Cricket commentators around the world are asking, "can Test cricket survive?"

They're particularly asking it here in Australia because we have just witnessed a soggy and depressing end to one of the least interesting Test series in history, played between Australia and a team of young men impersonating the West Indies.  Not many people turned up to watch, TV ratings were lukewarm and as one wit put it, by the third test even Mother Nature got bored and decided it was better to spend the time watering the grass.


Meanwhile Australia's domestic cricketers, along with a fair number of actual West Indians and a smattering from other countries, have been playing T20 cricket in the Big Bash League in front of packed stadia and large TV audiences.  Even the women's version of the competition, in its very first year, is attracting enough interest for Channel 10 to increase its coverage.

Of course threats to Test Cricket are not new.  In 1960, long before TV coverage was even dreamed of, commentators were speculating about the death of Test Cricket in Australia. The game was dominated by boring, defensive play and the six days that Tests took in those days could seem like an eternity.  Crowds stayed away in droves.  Then the West Indies arrived.

Sir Donald Bradman, then Chairman of the Australian Cricket Board, begged the two teams to play attacking, entertaining cricket and the two captains, Richie Benaud and Frank Worrell, were only too happy to oblige.  The result was a pulsating, entertaining series, huge crowds, enduring popularity for the charismatic West Indians, the first ever tied Test and salvation for Test cricket.

Why is it that fifty years later a clash between the two countries can attract so little interest?

I think the beginnings of the answer lie in the late 1970s and Kerry Packer's conversion of cricket from game to broadcast content.  Up until that time cricketers were essentially amateurs, paid little more than costs and playing for the love of the game and for fame and glory.  Where the game was broadcast at all it was on public radio and TV, and most of the revenue came from ticket sales.

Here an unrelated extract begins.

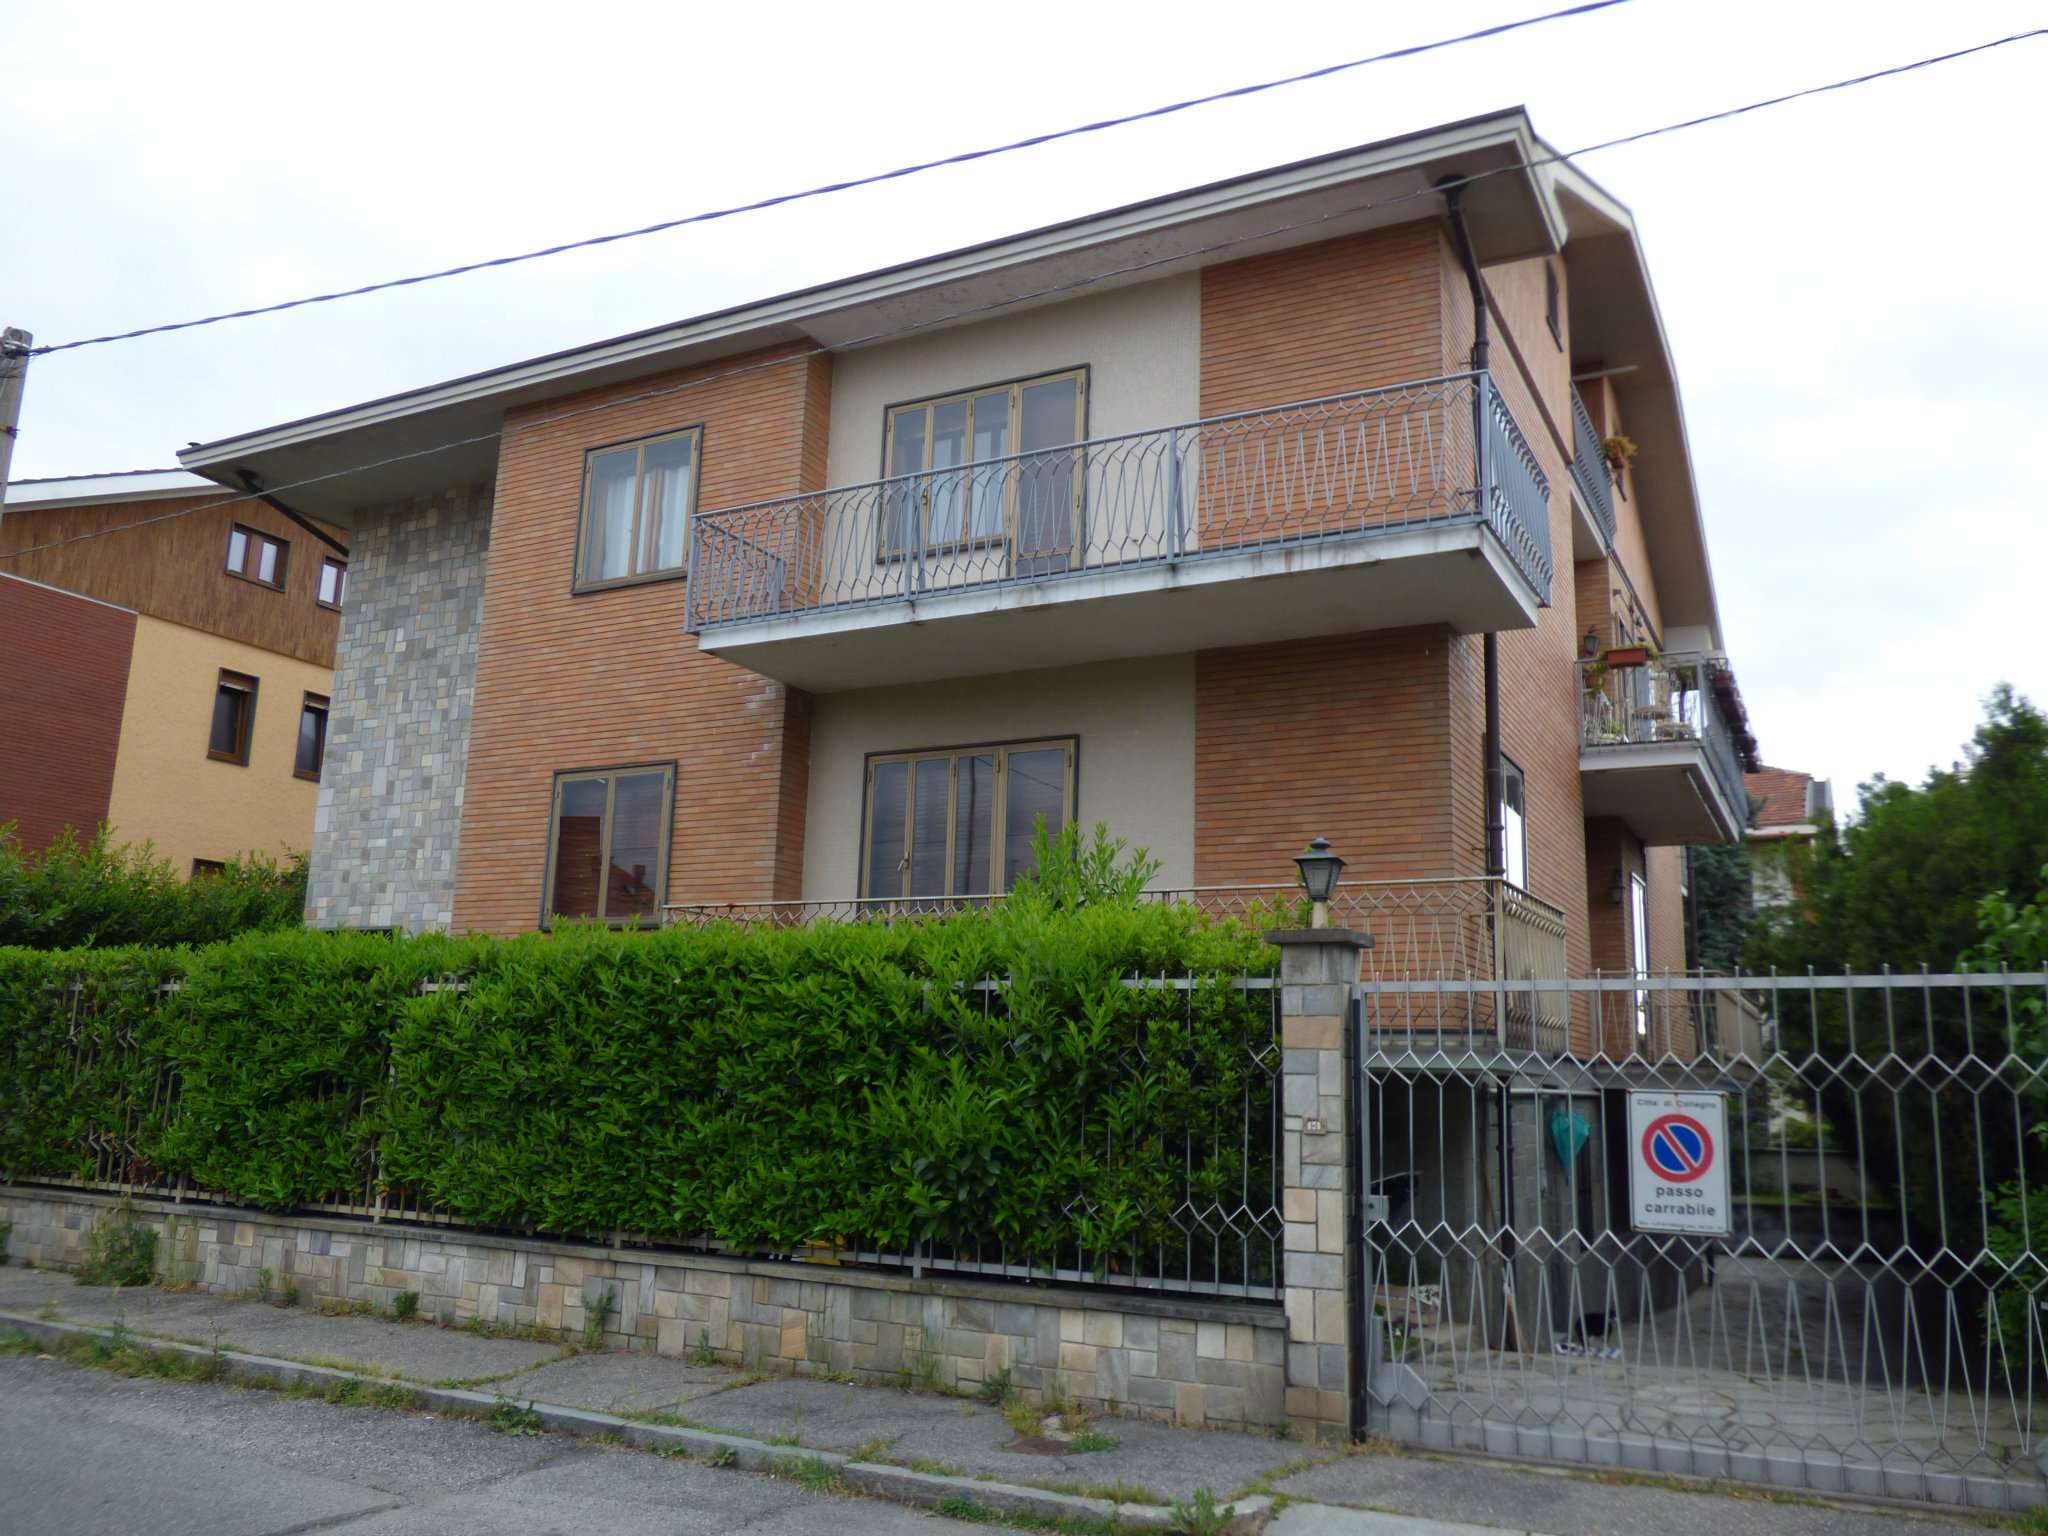 Cerco appartamento con mansarda a collegno for Case in vendita con appartamento seminterrato

The problem was that while the various Cricket Boards around the world were happy with this situation, the players jumped at the chance to earn more money and defected to Packer faster than you could say "chequebook".  Broadcasters in other countries followed suit and within a decade or so, international cricket and a good deal of domestic cricket was fully professional, funded largely through broadcast deals and the huge sponsorship dollars authorities could leverage off them.

There were two prices to be paid for this.  The first was that national teams had to play lots more cricket.  Regular Test tours were augmented by a seemingly endless succession of mind-numbing made-for-TV one day tournaments played under lights for prime-time viewing.  No-one can remember who won what or even who played who, but the ratings and advertising dollars flowed.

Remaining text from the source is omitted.